453 F.2d 435 (3rd Cir. 1971), 19482, Somportex Limited v. Philadelphia Chewing Gum Corp.

Citation453 F.2d 435
Party NameSOMPORTEX LIMITED v. PHILADELPHIA CHEWING GUM CORPORATION, Appellant, v. BREWSTER, LEEDS & CO., Inc. and M. S. International, Inc., Third-Party Defendants.
Case DateDecember 20, 1971
CourtUnited States Courts of Appeals, U.S. Court of Appeals — Third Circuit

Page 435

453 F.2d 435 (3rd Cir. 1971)

SOMPORTEX LIMITED

v.

PHILADELPHIA CHEWING GUM CORPORATION, Appellant,

v.

BREWSTER, LEEDS & CO., Inc. and M. S. International, Inc., Third-Party Defendants.

No. 19482.

United States Court of Appeals, Third Circuit.

December 20, 1971

Argued Oct. 19, 1971.

Certiorari Denied March 27, 1972.

See 92 S.Ct. 1294.

Page 436

Marvin Comisky, Blank, Rome, Klaus & Comisky, Philadelphia, Pa. (Goncer M. Krestal, Philadelphia, Pa., on the brief), for Philadelphia Chewing Gum Corp.

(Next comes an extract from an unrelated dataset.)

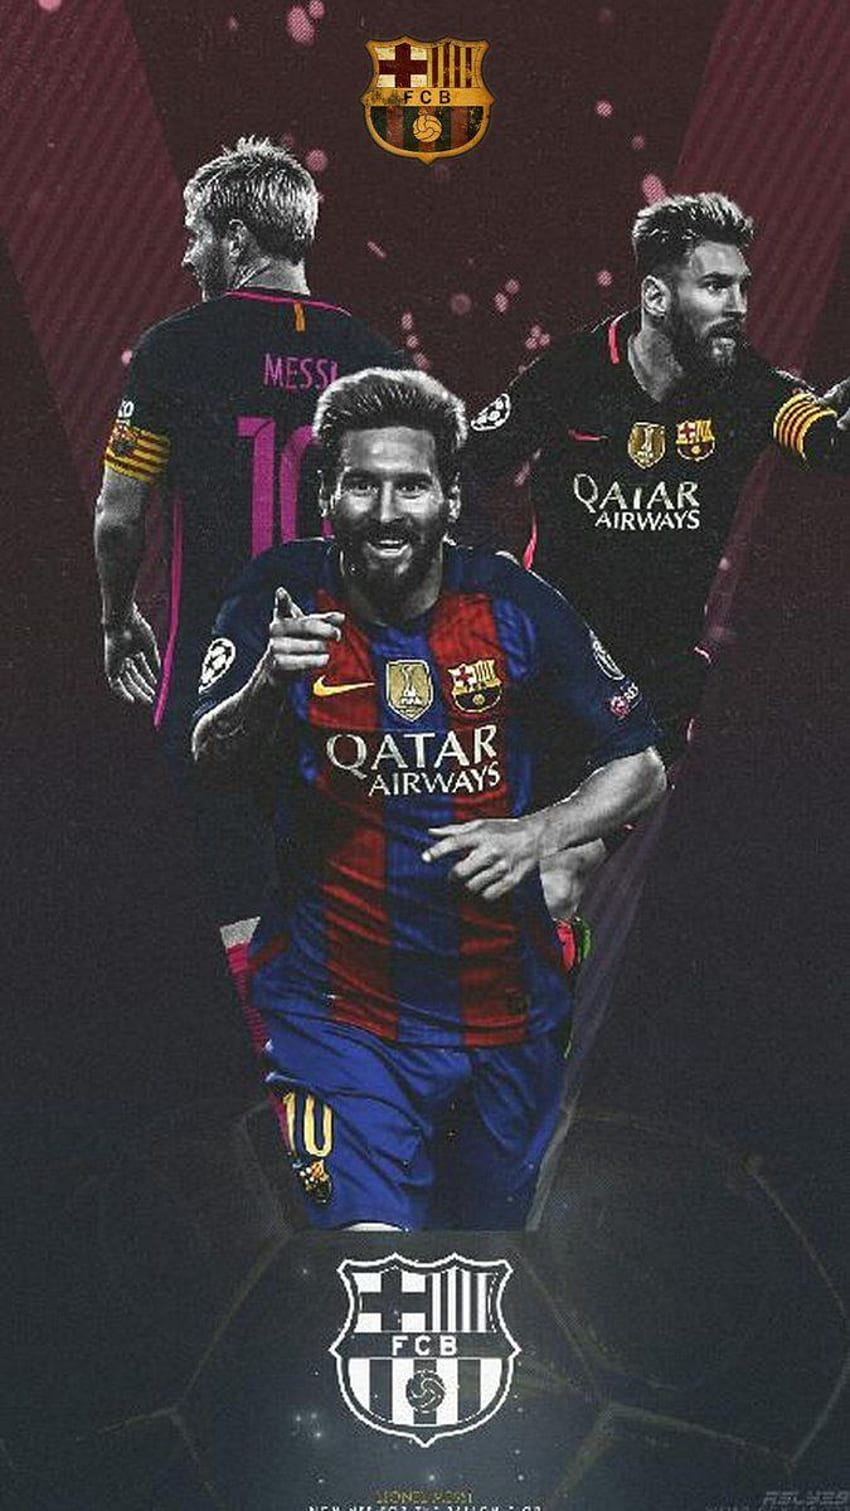 Được xem những bức ảnh nền Messi chắc chắn sẽ là niềm vui lớn cho các fan của siêu sao này. Hãy xem những thiết kế độc đáo và đẹp mắt của chiếc điện thoại của bạn khi bạn đặt hình nền Messi lên màn hình!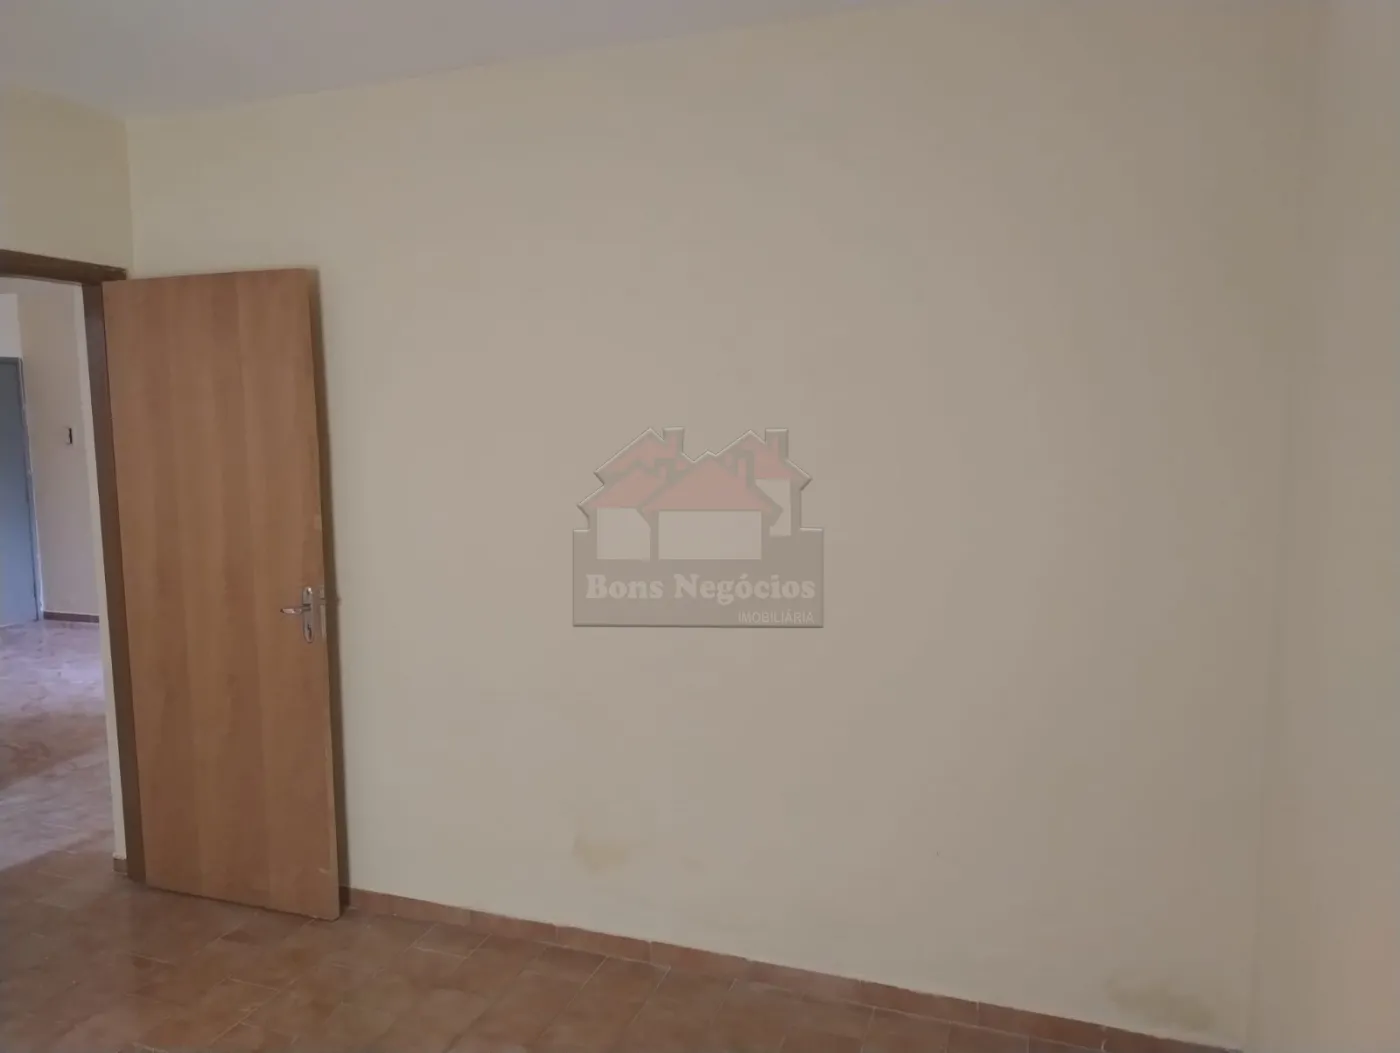 Alugar Apartamento / Padrão em Ribeirão Preto R$ 650,00 - Foto 7

James J. McCabe, Jr., Duane, Morris & Heckscher, Philadelphia, Pa. (Richard A. Kraemer, Philadelphia, Pa., on the brief), for Somportex Ltd.

Dennis R. Suplee, Schnader, Harrison, Segal & Lewis, Philadelphia, Pa. (Arthur H. Kahn, Philadelphia, Pa., on the brief), for Brewster, Leeds & Co., Inc.

Warren J. Kauffman, Abrahams & Loewenstein, Philadelphia, Pa., for M. S. International, Inc.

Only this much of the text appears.